Space-Based Orbit Determination Using Passive Optical Measurements in LEO

The increasing number of artificial objects placed in Low Earth Orbit (LEO) has created the need for improvement in the present Space Surveillance and Tracking (STT) systems, which perform Orbit Determination (OD) to estimate their trajectories. Special interest has been developed on passive optical Space-Based Space Surveillance (SBSS), since the proximity to the targets and the non-dependence to atmospheric effects, offer advantages in terms of the measurement quality and the variety of detectable objects. In this work, a passive optical SBSS satellite with a field of view (FOV) of 4° X 4° is simulated. Focusing on Low Earth Orbit (LEO), the Starlink mega constellation is used as a test sample. A Sun-Synchronous Orbit (SSO), 100 km below the targets, is found to be the optimal orbit for their observation. The Gaussian Initial Orbit Determination (IOD) method is implemented, confirming its accuracy when dealing with purely Keplerian orbits, but showing its weakness by being highly sensitive to perturbations and measurement errors. A Weighted Least Squares (WLS) fit using a batch processor, is sought as an alternative.

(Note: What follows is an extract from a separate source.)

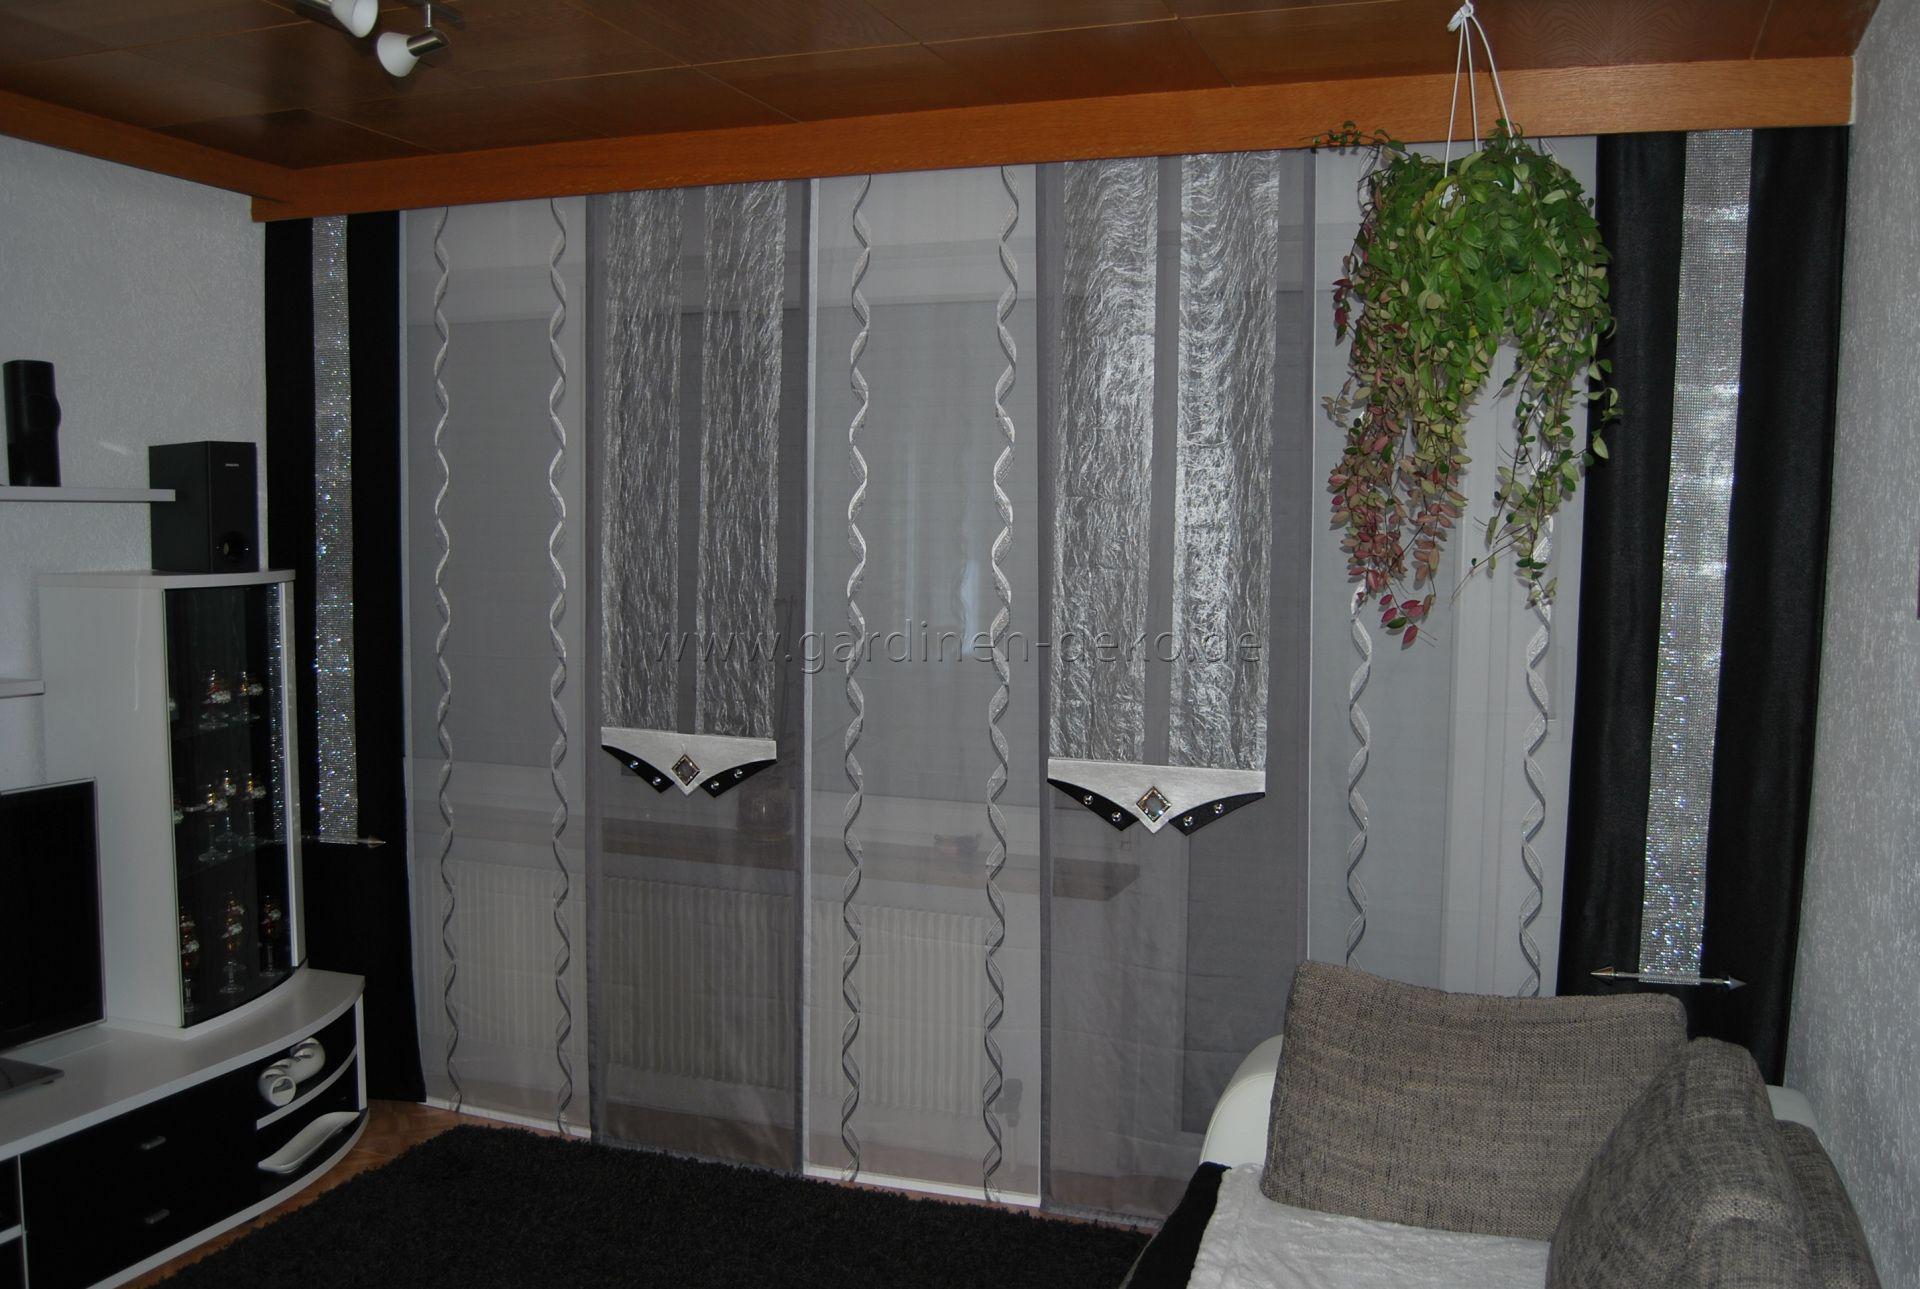 übergardinen wohnzimmer ~ Wohnzimmer schiebevorhang in weiß silber und grau mit dunklen
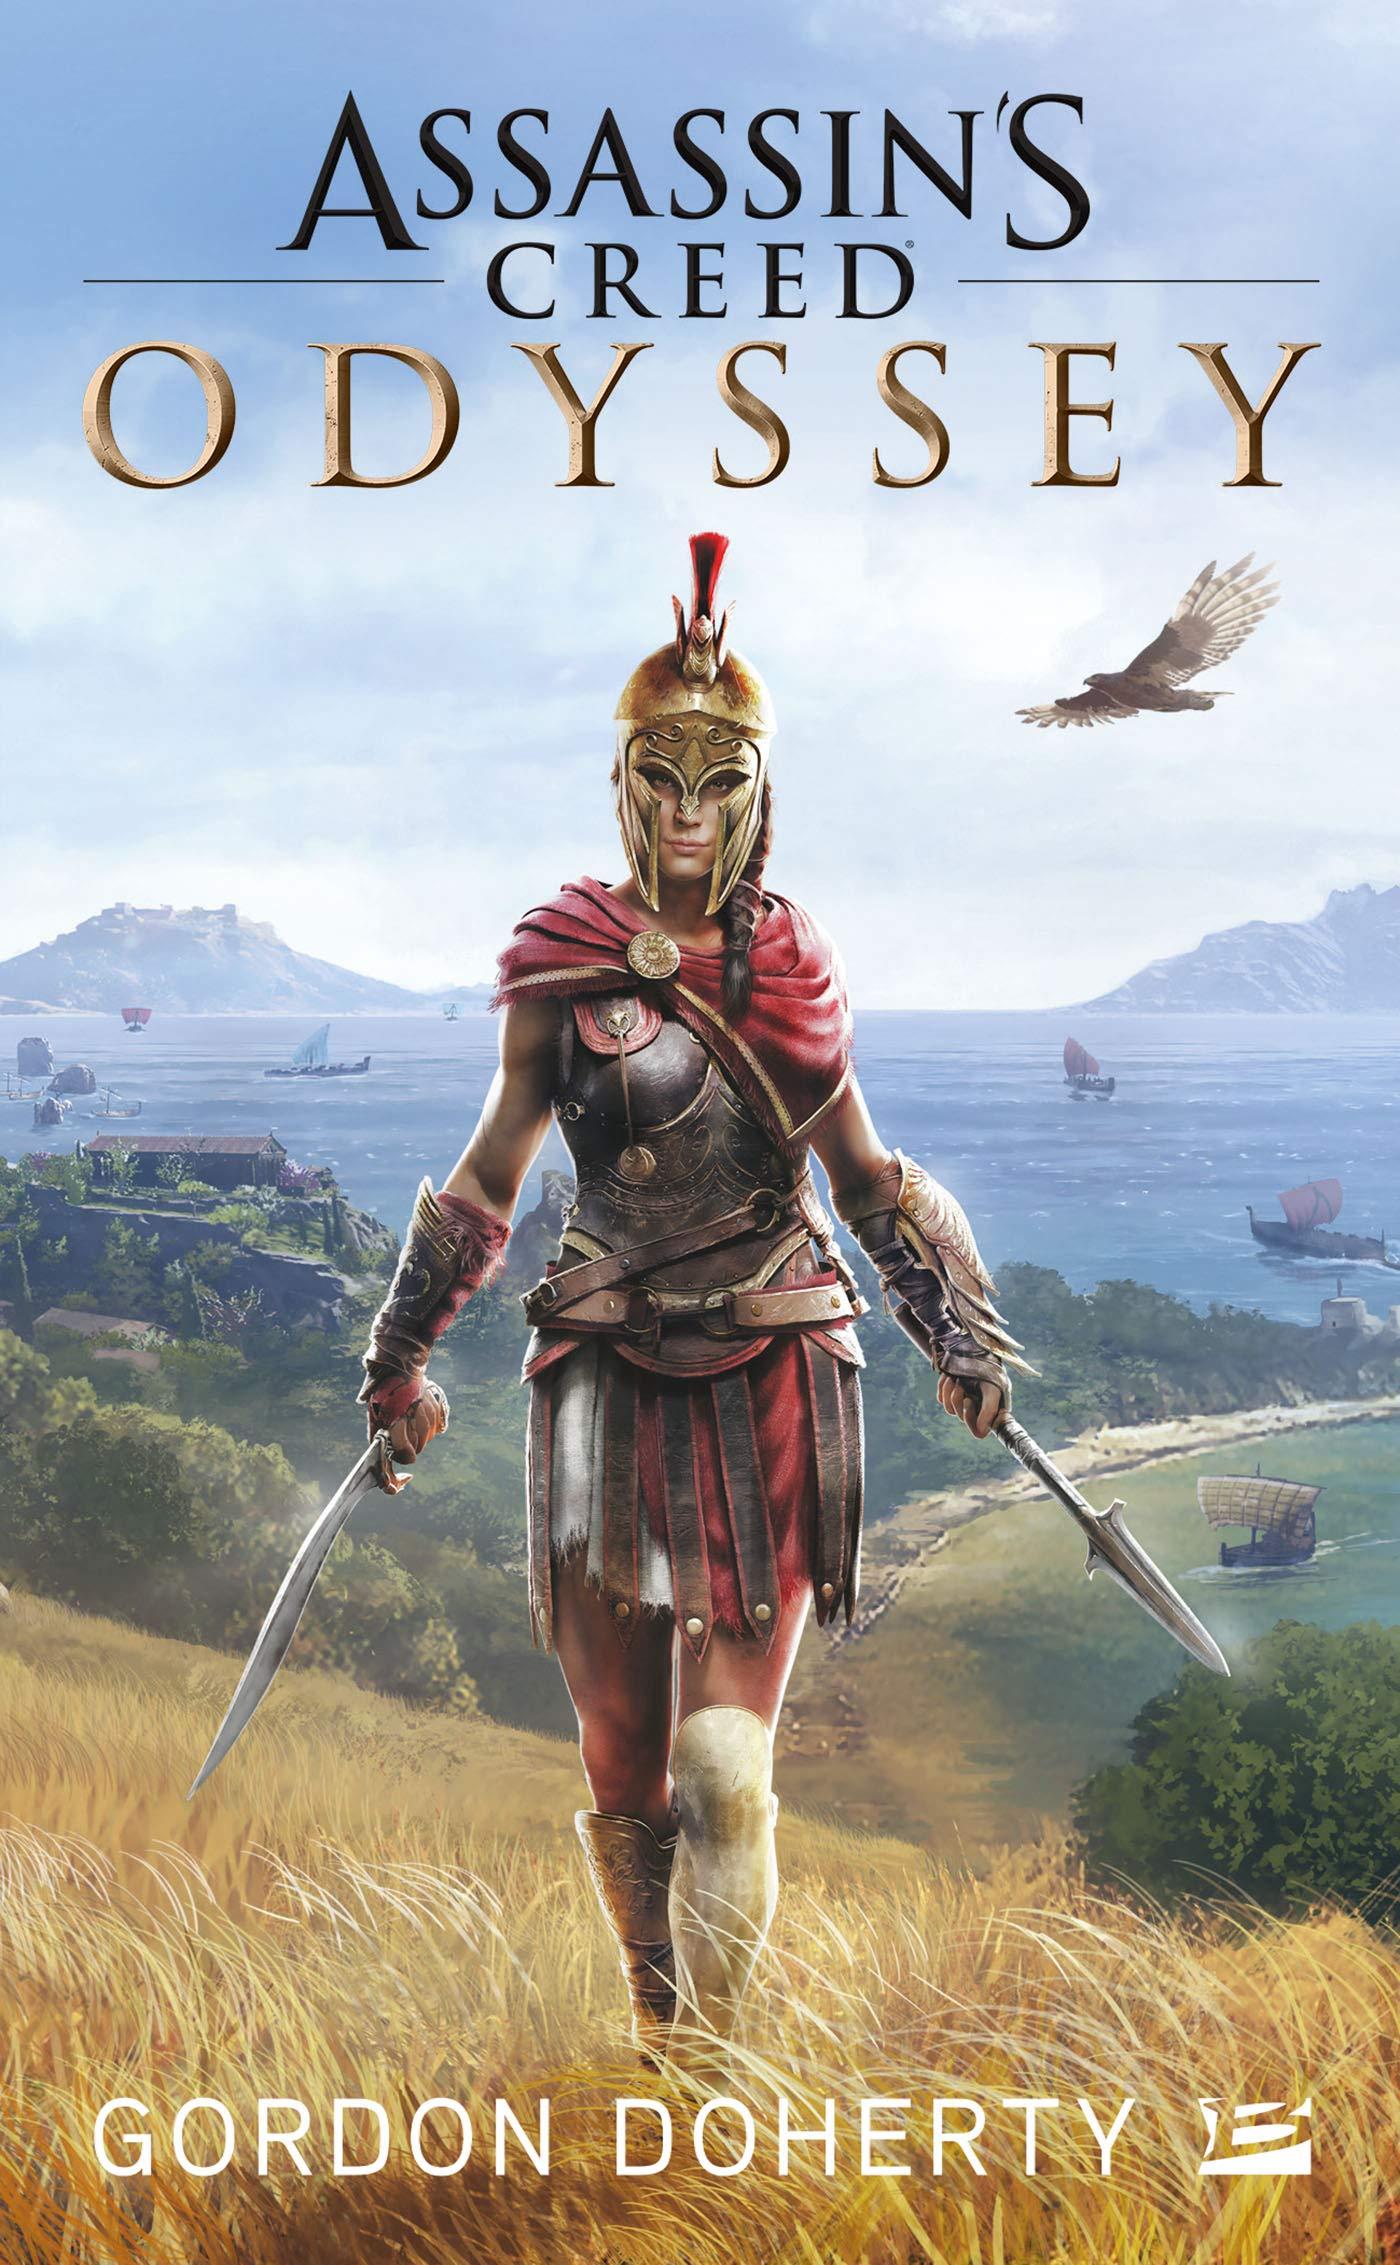 Assassin's Creed: Odyssey Broché – 10 octobre 2018 Gordon Doherty Assassin's Creed: Odyssey Bragelonne B07FDMY2R1

Considering orbits generated by a zonal geopotential with terms up to J6, fitting a J2 model to data perturbed by noise at the typical measurement error levels, produced estimation errors of the order on 10 km in position. The inclusion of additional observations, either following the initial set or after half an orbit, reduces the errors to a safer 5 km level. The uncertainty of the estimations is propagated with the covariance matrix, finding that a minimum of 9 measurements is required for a confident interception of the target by the observer's FOV after half an orbit, to produce a follow-up measurement.